My Lords, we carefully considered the matter and we realised that in a small number of cases it might be unwelcome to the local authorities. But I should like to emphasise that the change suggested in another place will affect only a limited number of cases where, first, an enforcement notice has been served but not complied with and, secondly, the notice was of a particular kind which the judgment in the Cater case has shown to be invalid; and thirdly, the four years since the alleged contravention will have run out by the time the Act comes into force. It is only where these three factors co-exist that the dropping of subsection (3) will make any difference. As I say, there must be a small number of such cases. The Amendment to subsection (5) is consequential. My Lords, I beg to move that this House doth agree with the Commons in the first Amendment to the Lords Amendment.

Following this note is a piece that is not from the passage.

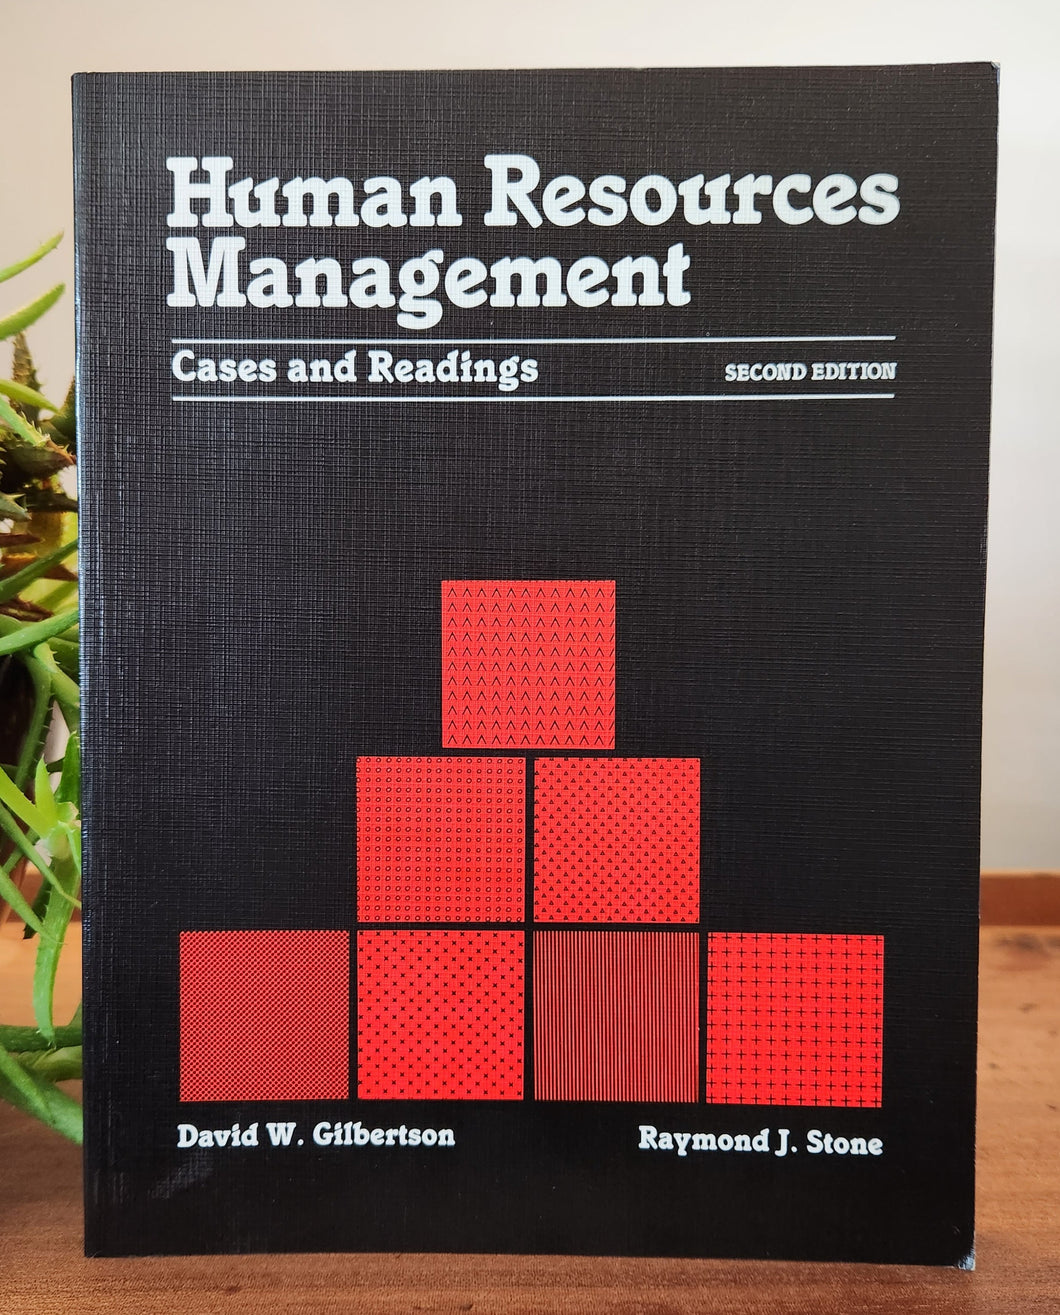 Human Resources Management: Cases and Readings (Second Edition) by David W. Gilbertson, Raymond J. Stone

Moved, That this House doth agree with the Commons in the said Amendment to the Lords Amendment.—(The Lord Chancellor.)

LORD SILKIN

My Lords, I suppose that we have got to agree with the Commons in this Amendment—we have no choice. Therefore any discussion that the noble and learned Viscount and I have on this is a pure formality. None of us wants to run the risk of defeating the Bill, or even of having a major quarrel with another place on a matter of this kind. But I am bound to say that I think they are wrong; and I think that the noble and learned Viscount's reasons for asking us to agree with this Amendment—namely, that it is only a little one, and that there will not be many cases of this kind—are not altogether convincing.

First, it is not correct that people in these cases have acted on a temporary permission; they have obtained no permission at all. The 1947 Act gives them the right temporarily to carry out development or to act in the way they have done; but no more. It was never intended that they should be able to carry on with this development for more than a month without applying for permission. What has happened is that, on a pure technicality, when they were challenged after carrying on beyond the permitted period under the Act they were able to say that they were not carrying out this development in defiance of the Act; that because they had permission to carry on for a month, the notice challenging them was wrong. I do not think that such developers are entitled to any sympathy at all, and it seems to me a great pity that we are allowing them to carry on and preventing the local authorities from putting the matter right on what is a pure technicality. Nor am I, as I say, convinced by the fact that this will apply to a limited number of cases. However, if we are going to have a first-class battle with the other place I should not have thought this was a big enough issue to have it on; and therefore, with great regret, I think we have to let it go.

THE LORD CHANCELLOR

My Lords, I have great sympathy with the point of view which the noble Lord, Lord Silkin, has put forward. As he will appreciate, the difficulty is that in these cases the four-year period had expired, and therefore it could be argued that, with however much lack of original method at the time of expiry of the Bill, an existing right had been acquired, and that is the other point of view. I am grateful to the noble Lord for the restraint he has shown to-day in accepting, albeit reluctantly, the Commons Amendment.

On Question, Motion agreed to

THE LORD CHANCELLOR

My Lords, I beg to move the second Amendment, which is consequential.

Moved, That this House doth agree with the Commons in the said Amendment.—(The Lord Chancellor.)